● **What is needed**:
Your task is to transcribe the records exactly, skipping every image.

● **Data supplied**:
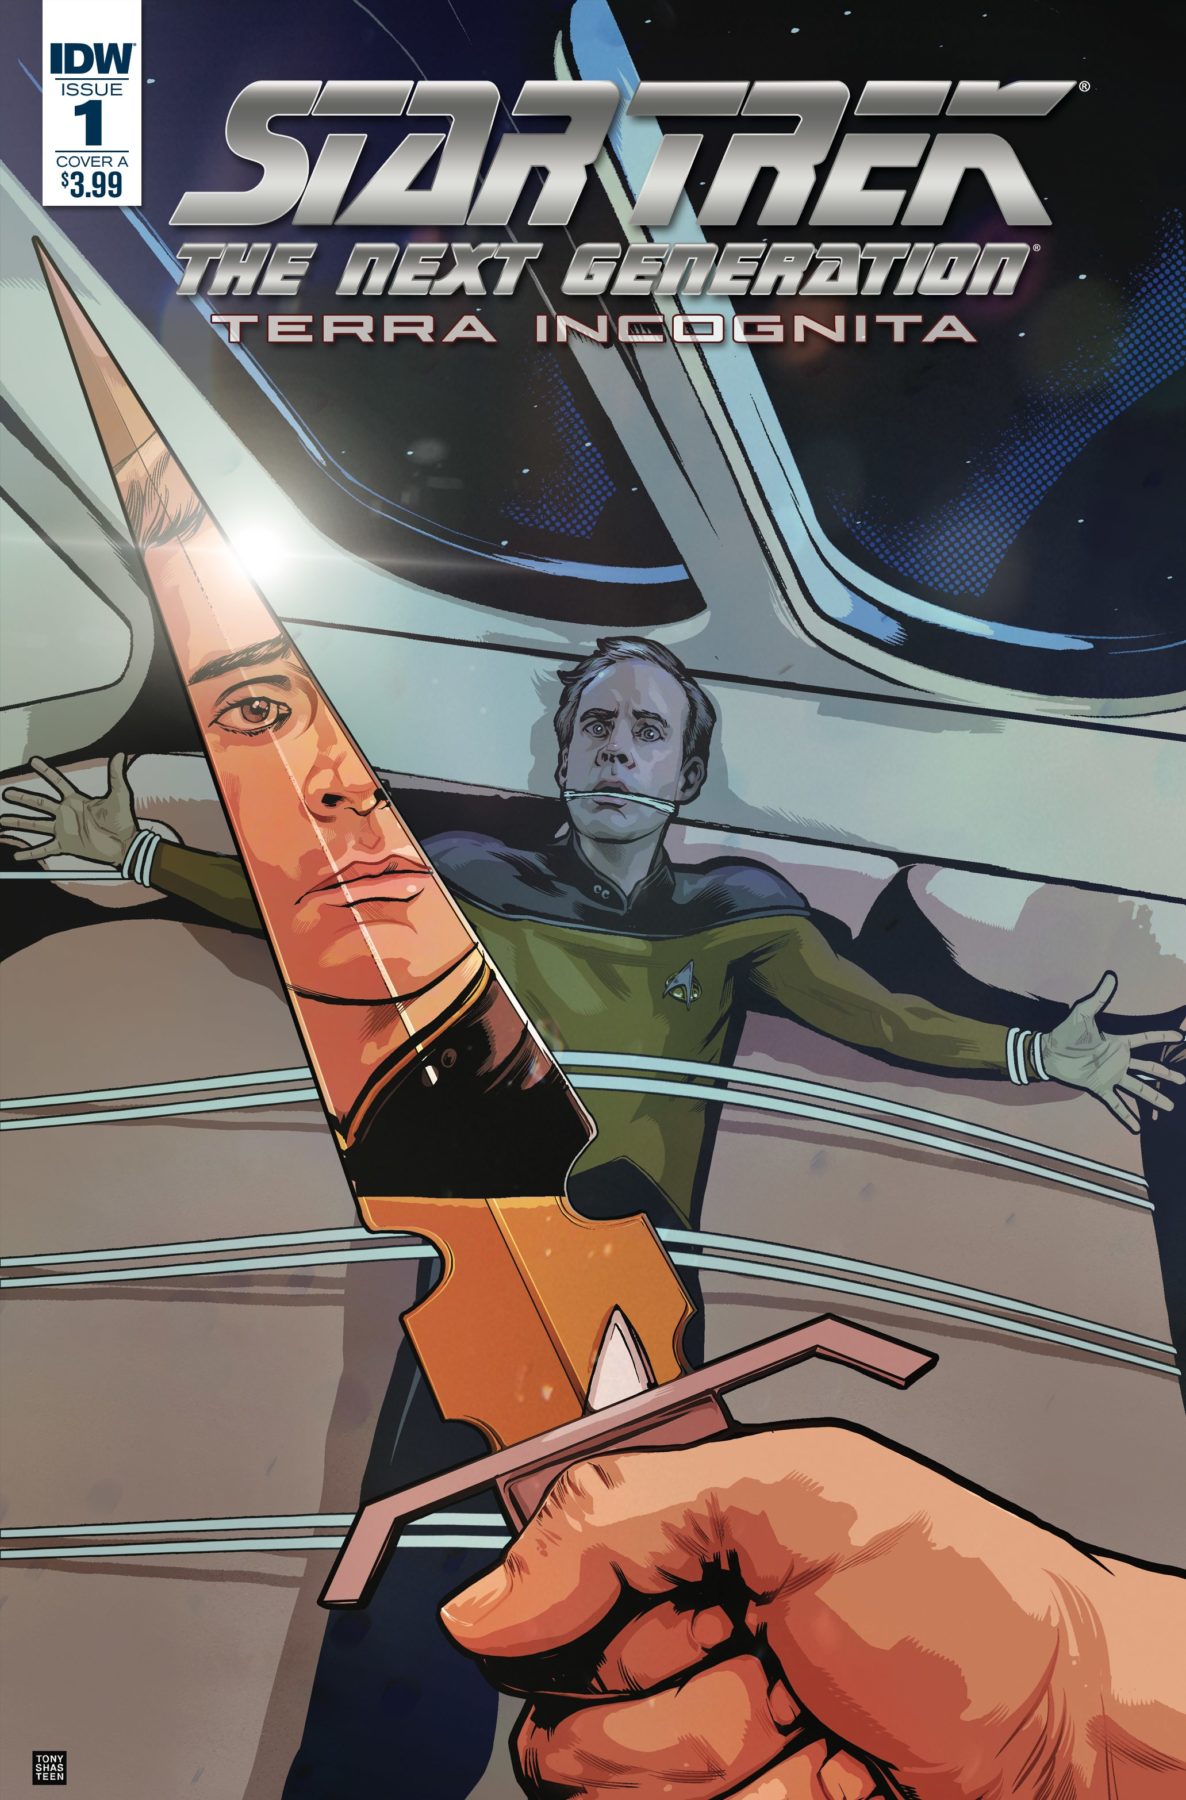 Star Trek: The Next Generation vuelve a los cómics para Terra Incognita
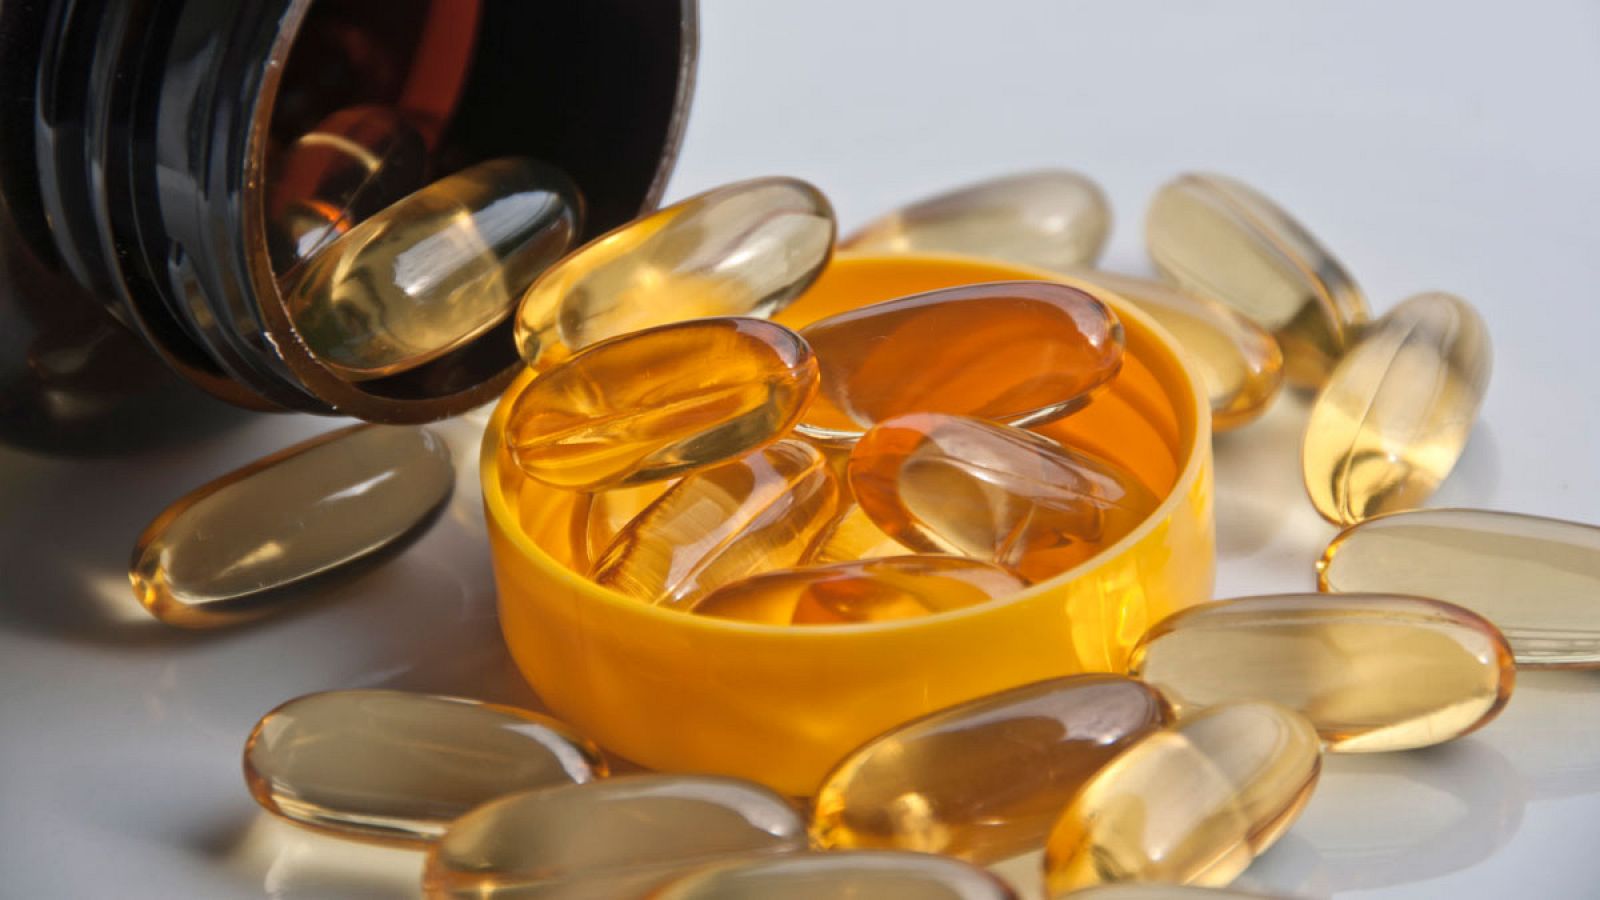 Los medicamentos con ácidos grasos omega-3 no son efectivos para prevenir más problemas cardiovasculares, según estudios de la UE.
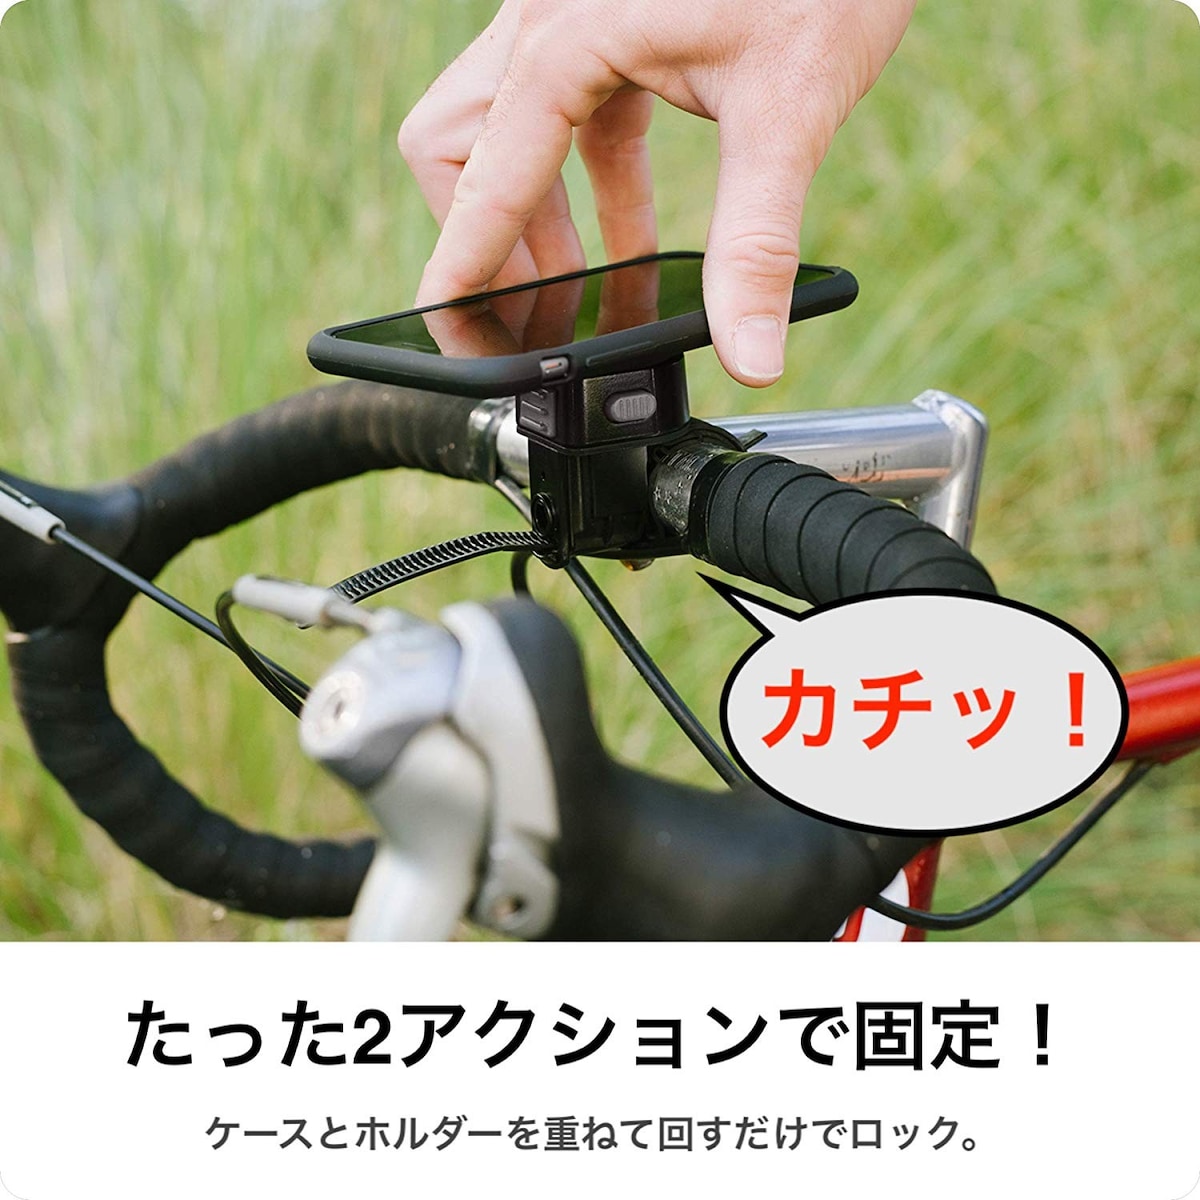  自転車スマホホルダー iPhone X XS 専用画像2 
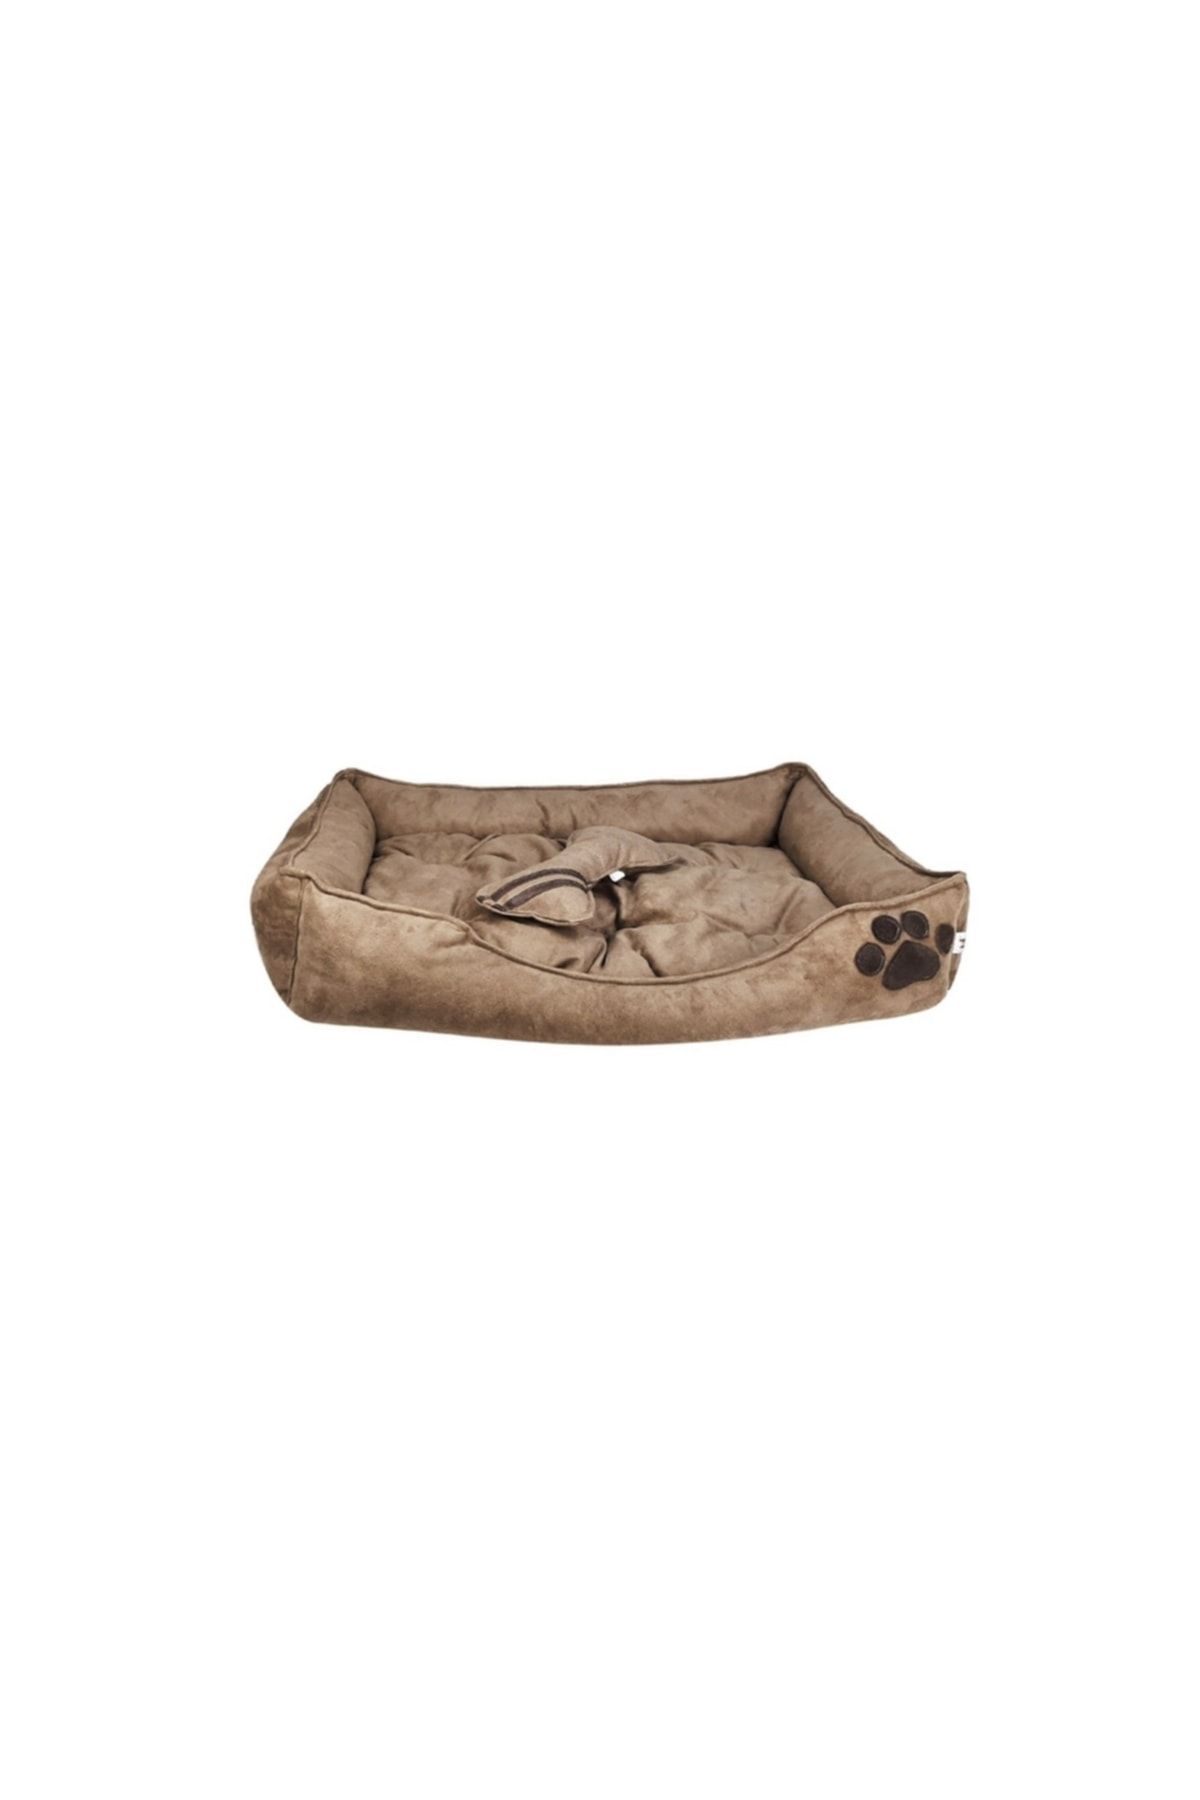 Patili Evler Koyu Vizon Renk Nubuk Büyük Boy Köpek Yatağı 80x110 cm Kemik Yastıklı
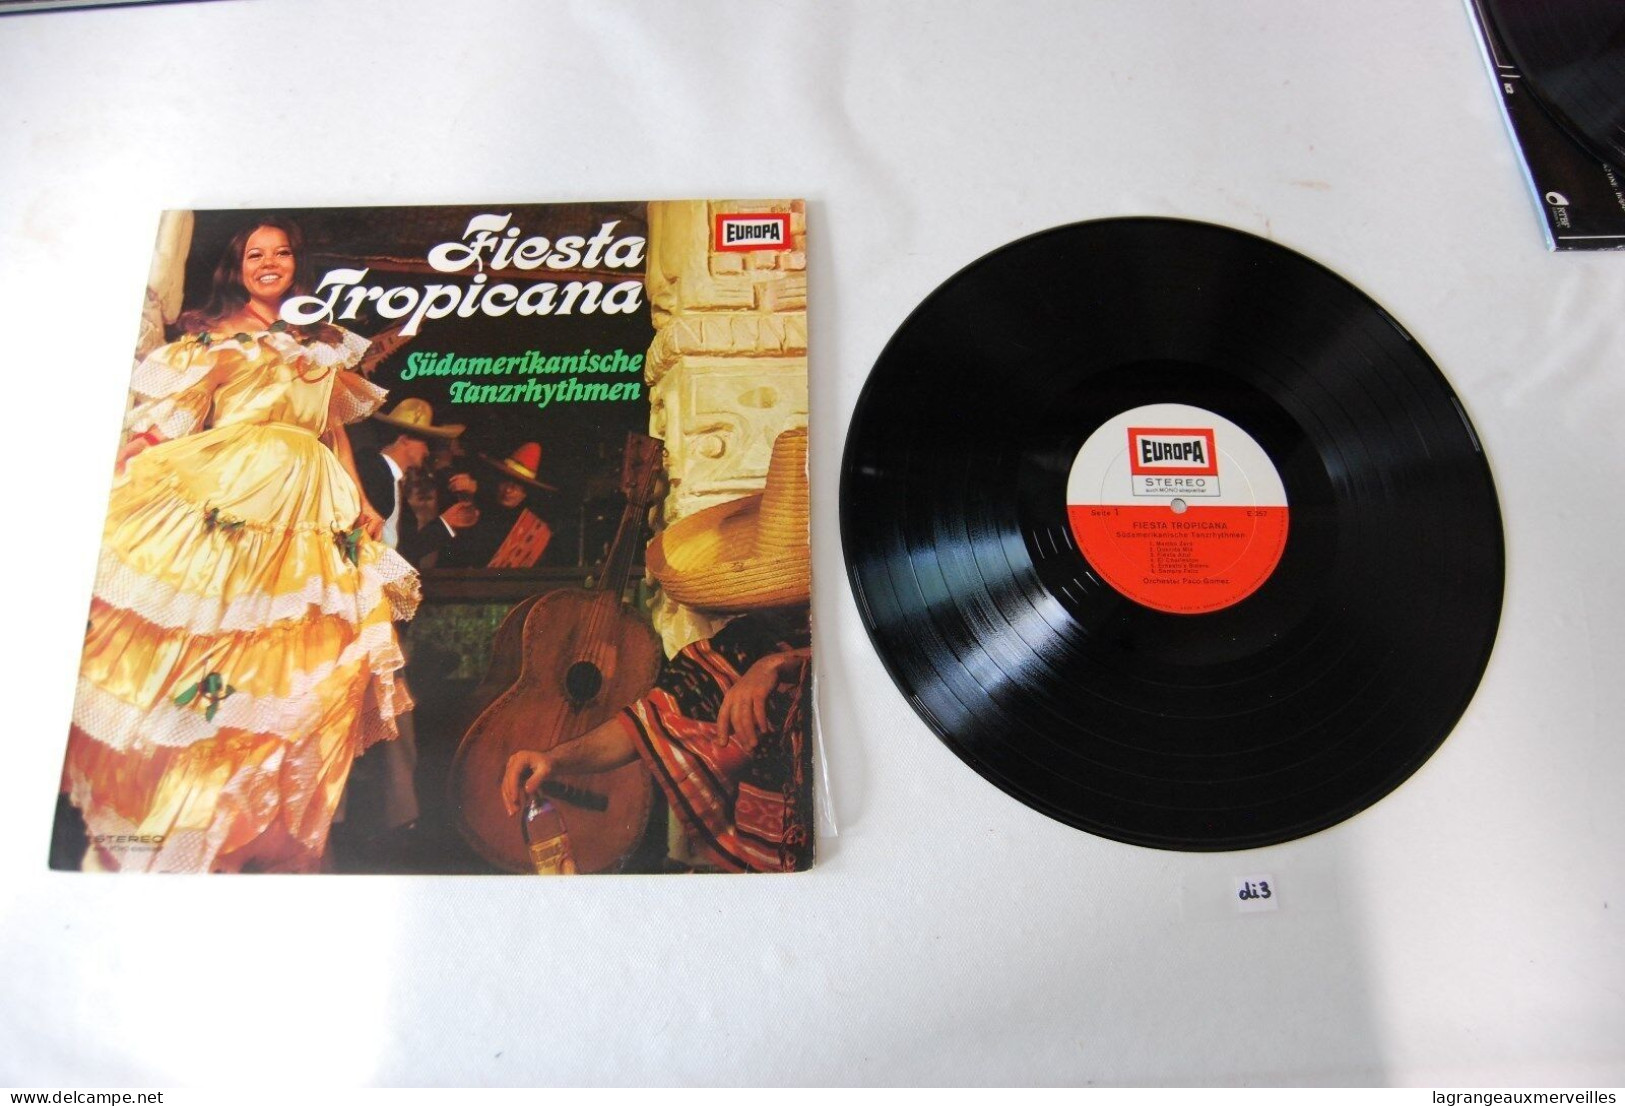 Di3- Vinyl 33 T - Fiesta Tropicana - Europa - Wereldmuziek

● **Completed task**:
 Star Trek: The Next Generation vuelve a los cómics para Terra Incognita
 Los medicamentos con ácidos grasos omega-3 no son efectivos para prevenir más problemas cardiovasculares, según estudios de la UE.
  自転車スマホホルダー iPhone X XS 専用画像2 
 Patili Evler Koyu Vizon Renk Nubuk Büyük Boy Köpek Yatağı 80x110 cm Kemik Yastıklı
 Di3- Vinyl 33 T - Fiesta Tropicana - Europa - Wereldmuziek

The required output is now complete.